Will he keep his word?
One of the major tests for Arévalo will be his promised temporary mining moratorium, made last year to Indigenous leaders who were the backbone of mobilizations to defend the elections, also demanding rural change and Indigenous inclusion in national decision-making.
Successive administrations have largely ignored those affected by environmental contamination, implementing states of siege, wielding security forces to shield allotted contracts to extractive industries, and flouting international statutes requiring prior consultation of Indigenous communities.
“Giammattei handed out licenses to miners like they were going out of style,” says Q’eqchi’ Mayan journalist Carlos Choc, the face of the international investigation Mining Secrets, in a new interview with El Faro English. “Ministers [of the current government] told me that they cannot say no to [mining] rights already granted by the Constitutional Court.”
In his first weeks, Arévalo has shown openness to the Guatemalan and U.S. private sectors.

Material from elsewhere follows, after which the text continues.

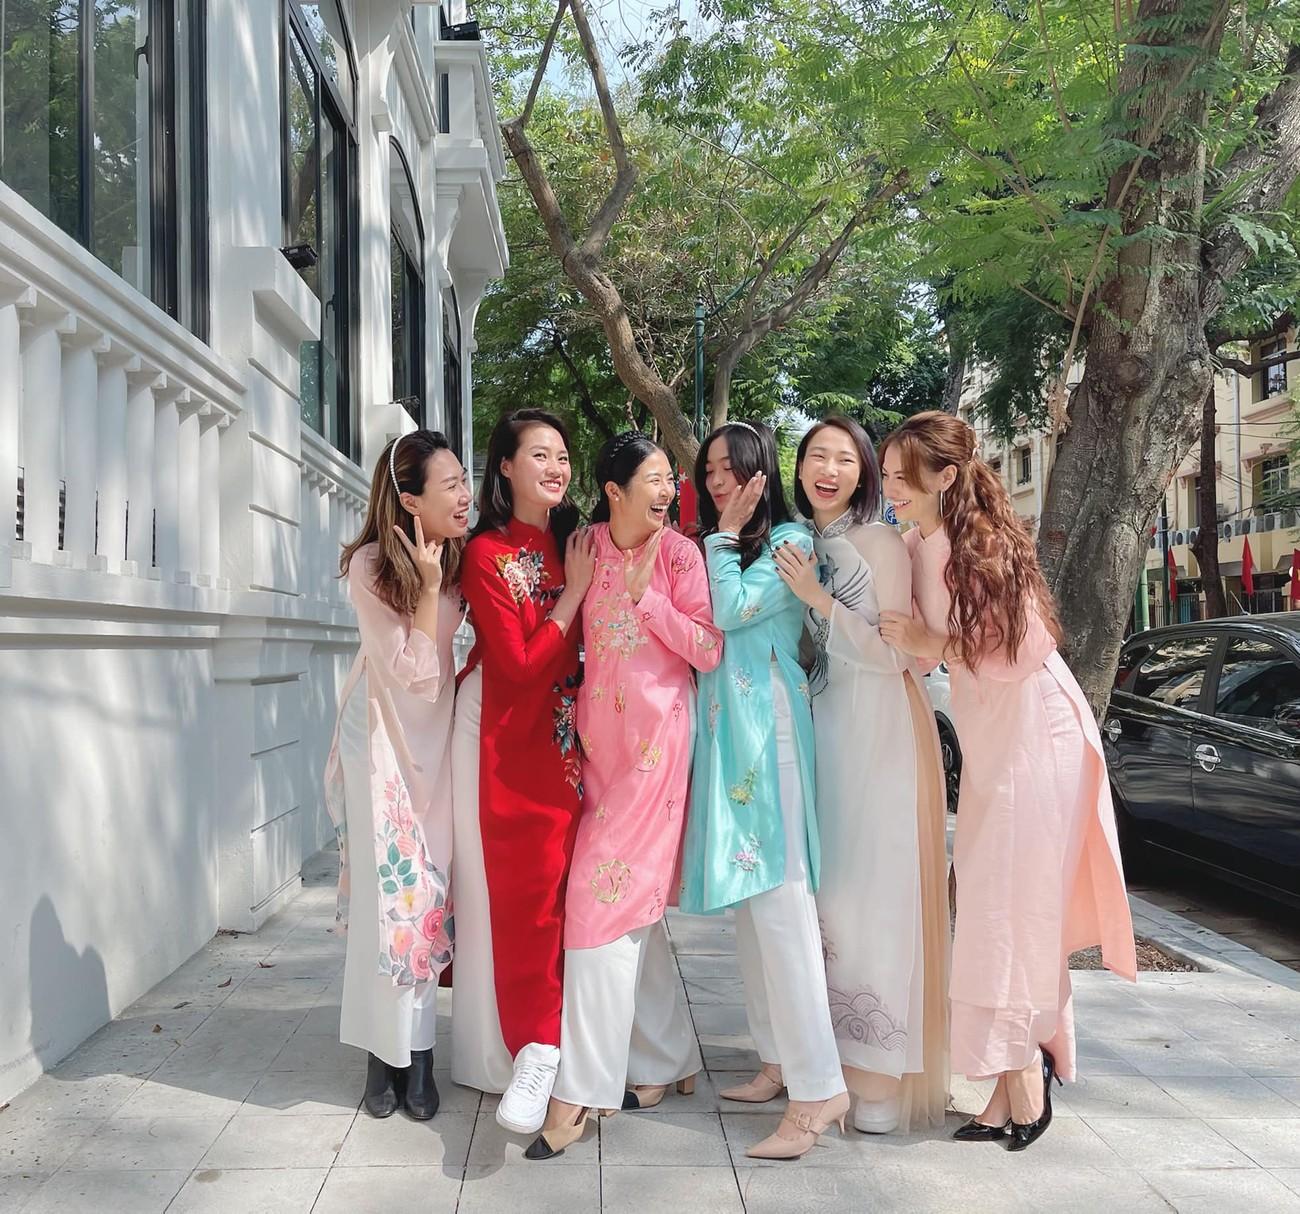 Ngọc Hân và hội bạn thân cả thập kỷ mặc áo dài khoe dáng trên phố Xuân mùng 2 Tết ảnh 1
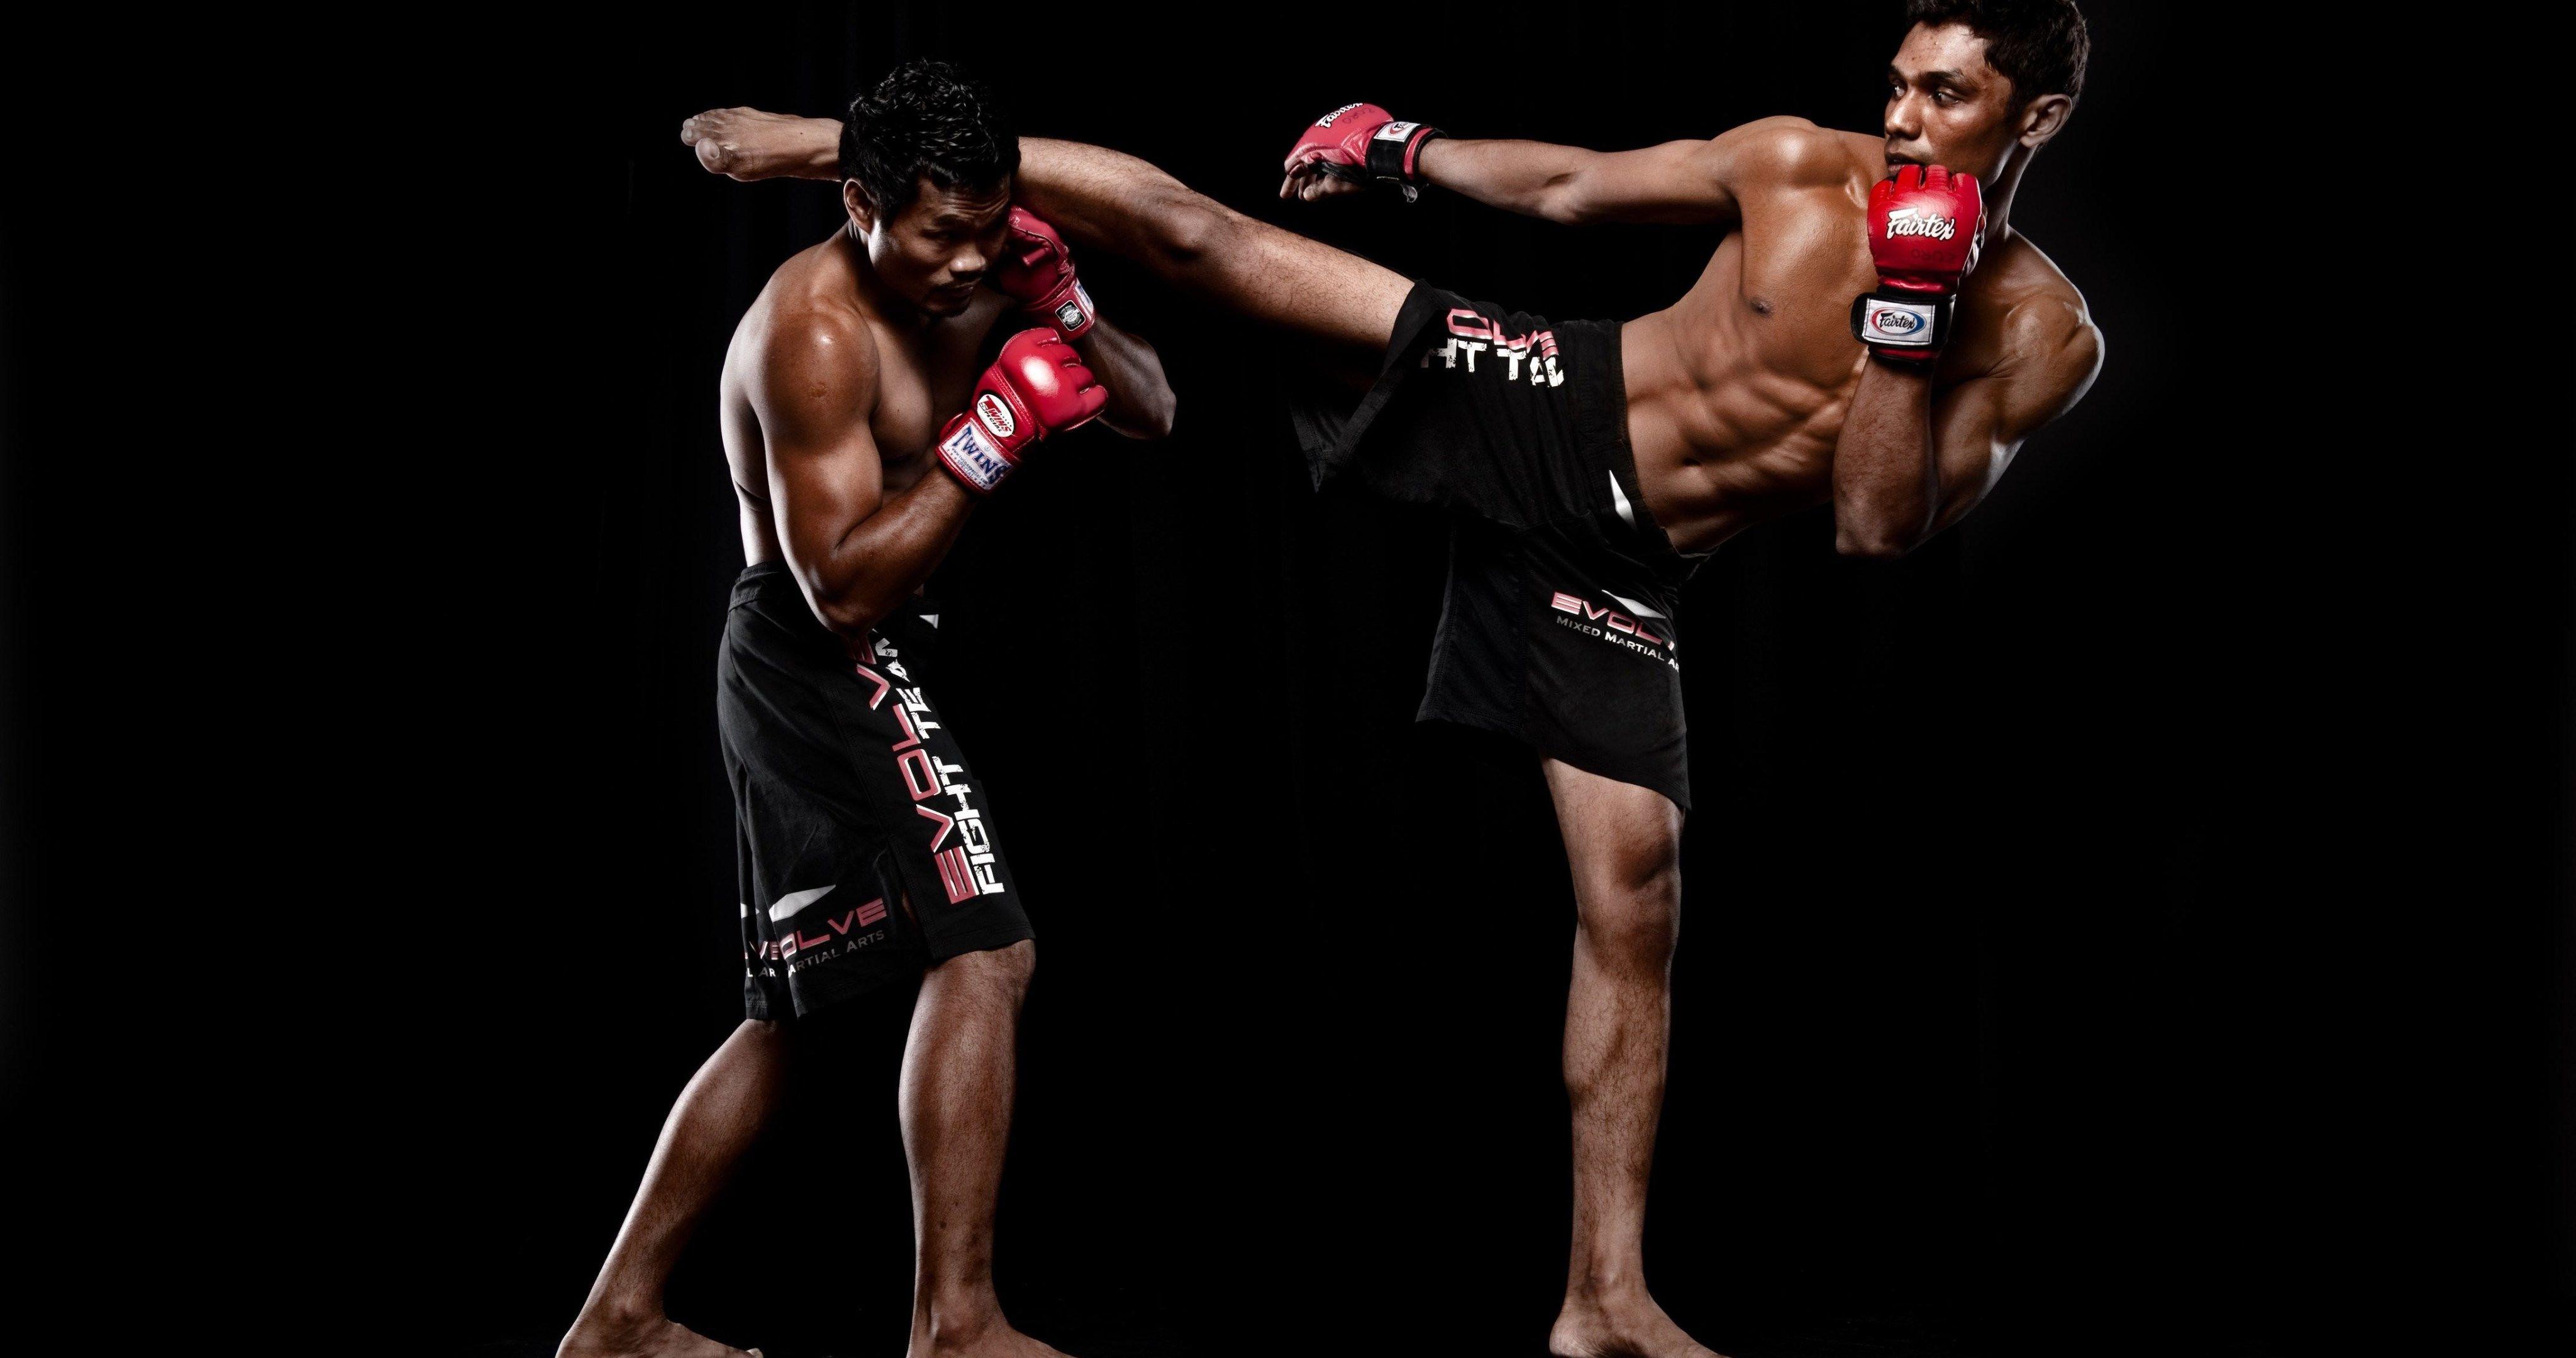 mma fighters 4k ultra hd wallpaper Tatuaje de gladiador 4096x2160

Three days after inauguration, he and the U.S. Embassy announced a “high-level dialogue” on foreign investment at the American Chamber of Commerce. Indigenous leaders and progressives also recoiled at the inclusion of the conservative private sector in his cabinet.
Arévalo told El Faro English on Tuesday that the promise of a moratorium “still stands, totally.” “There may be those in the mining sector [who say it affects U.S. investments],” he said, “but it is a sector that attracts less investment. Meanwhile, there are broad possibilities in textile production, agriculture, energy, electrification, and hydrocarbons.”
It is unclear where the Biden administration really stands on mining in Guatemala. In December 2022, the Treasury placed Magnitsky human rights sanctions on the Swiss-Russian mine in Choc’s hometown of El Estor. Five months later, it dropped the designations. Last April, Newsweek reported that the U.S. was pushing behind the scenes for the Canadian corporation Central America Nickel to acquire the properties.
“The mine is working to scrub its image,” says Choc, but in reality “people’s homes, their territories, are being invaded. (...) The Q’eqchi’ people are being dispossessed and expelled from their lands, and what is left is to migrate [to the United States].”